*WORK ITEM*. Go through the material below and count the lines containing the word "estilo". Give that number by itself.

*INPUT RECORDS*.
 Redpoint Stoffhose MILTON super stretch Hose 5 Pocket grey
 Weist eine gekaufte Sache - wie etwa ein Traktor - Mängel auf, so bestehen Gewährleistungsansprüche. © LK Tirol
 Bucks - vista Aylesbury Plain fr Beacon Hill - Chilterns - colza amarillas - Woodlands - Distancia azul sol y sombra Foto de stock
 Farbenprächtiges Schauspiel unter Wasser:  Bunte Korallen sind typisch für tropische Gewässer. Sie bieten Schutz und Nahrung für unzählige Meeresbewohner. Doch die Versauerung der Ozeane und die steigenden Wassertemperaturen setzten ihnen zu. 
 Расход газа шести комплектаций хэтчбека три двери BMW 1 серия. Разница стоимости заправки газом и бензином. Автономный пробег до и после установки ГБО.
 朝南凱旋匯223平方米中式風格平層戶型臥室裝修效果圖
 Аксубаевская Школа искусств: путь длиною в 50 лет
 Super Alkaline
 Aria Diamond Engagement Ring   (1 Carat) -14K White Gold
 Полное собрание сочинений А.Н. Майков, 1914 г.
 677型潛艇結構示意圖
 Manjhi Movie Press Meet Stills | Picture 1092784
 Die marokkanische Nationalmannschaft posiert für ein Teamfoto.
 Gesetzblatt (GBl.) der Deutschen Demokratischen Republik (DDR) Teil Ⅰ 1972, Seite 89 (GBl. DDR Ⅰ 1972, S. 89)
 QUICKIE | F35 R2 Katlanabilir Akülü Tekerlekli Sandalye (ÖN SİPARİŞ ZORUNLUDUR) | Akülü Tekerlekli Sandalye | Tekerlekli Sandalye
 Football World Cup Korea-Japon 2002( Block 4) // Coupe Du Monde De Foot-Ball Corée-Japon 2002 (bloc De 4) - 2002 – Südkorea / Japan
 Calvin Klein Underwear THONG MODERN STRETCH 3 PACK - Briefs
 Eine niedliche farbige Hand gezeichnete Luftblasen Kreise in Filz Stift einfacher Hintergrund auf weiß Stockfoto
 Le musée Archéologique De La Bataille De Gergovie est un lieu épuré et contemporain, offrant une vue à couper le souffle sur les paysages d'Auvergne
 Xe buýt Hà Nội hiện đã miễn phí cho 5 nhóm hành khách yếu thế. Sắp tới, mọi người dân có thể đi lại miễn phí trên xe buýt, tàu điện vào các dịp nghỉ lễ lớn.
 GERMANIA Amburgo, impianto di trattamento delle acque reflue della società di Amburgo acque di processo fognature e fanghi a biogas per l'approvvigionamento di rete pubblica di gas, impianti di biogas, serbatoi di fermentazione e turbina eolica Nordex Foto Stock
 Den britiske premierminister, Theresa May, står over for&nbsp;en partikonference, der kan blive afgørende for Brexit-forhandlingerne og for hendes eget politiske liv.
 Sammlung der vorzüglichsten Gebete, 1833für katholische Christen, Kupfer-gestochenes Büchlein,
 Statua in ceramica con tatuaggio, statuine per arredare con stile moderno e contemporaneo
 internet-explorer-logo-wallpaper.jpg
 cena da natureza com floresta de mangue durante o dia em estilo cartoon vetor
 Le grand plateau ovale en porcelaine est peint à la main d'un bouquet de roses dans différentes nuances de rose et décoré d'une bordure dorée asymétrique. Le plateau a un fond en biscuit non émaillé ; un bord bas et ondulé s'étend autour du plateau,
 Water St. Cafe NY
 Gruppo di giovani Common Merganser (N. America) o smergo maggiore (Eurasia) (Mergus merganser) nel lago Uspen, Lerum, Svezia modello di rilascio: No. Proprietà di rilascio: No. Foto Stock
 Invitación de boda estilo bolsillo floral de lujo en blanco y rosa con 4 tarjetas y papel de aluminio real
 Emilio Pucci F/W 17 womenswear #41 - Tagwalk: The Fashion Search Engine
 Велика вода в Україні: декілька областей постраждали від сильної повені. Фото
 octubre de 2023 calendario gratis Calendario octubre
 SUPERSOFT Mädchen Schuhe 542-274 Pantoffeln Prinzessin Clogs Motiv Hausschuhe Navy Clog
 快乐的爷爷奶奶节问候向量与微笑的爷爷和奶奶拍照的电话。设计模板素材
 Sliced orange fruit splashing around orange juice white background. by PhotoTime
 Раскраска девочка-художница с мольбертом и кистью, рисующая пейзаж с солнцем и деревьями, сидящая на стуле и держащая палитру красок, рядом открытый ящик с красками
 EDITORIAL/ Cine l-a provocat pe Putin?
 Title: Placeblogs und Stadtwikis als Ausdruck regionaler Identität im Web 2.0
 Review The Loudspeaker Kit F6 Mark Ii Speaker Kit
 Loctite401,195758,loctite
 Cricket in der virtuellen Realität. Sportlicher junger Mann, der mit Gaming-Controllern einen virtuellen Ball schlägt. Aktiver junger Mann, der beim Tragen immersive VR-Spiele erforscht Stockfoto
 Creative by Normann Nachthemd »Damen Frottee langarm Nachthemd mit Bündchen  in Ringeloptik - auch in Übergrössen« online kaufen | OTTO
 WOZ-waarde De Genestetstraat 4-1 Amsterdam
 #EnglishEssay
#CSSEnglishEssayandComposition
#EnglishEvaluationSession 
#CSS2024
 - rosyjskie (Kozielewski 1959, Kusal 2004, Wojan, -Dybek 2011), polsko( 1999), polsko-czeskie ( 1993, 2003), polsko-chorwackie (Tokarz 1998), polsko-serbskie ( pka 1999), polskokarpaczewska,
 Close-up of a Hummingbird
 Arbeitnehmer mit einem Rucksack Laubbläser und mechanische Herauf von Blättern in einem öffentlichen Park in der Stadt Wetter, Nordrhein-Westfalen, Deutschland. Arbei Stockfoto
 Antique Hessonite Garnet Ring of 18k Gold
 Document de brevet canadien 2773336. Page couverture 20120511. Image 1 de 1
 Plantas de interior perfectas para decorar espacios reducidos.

*WRITTEN SOLUTION*. 2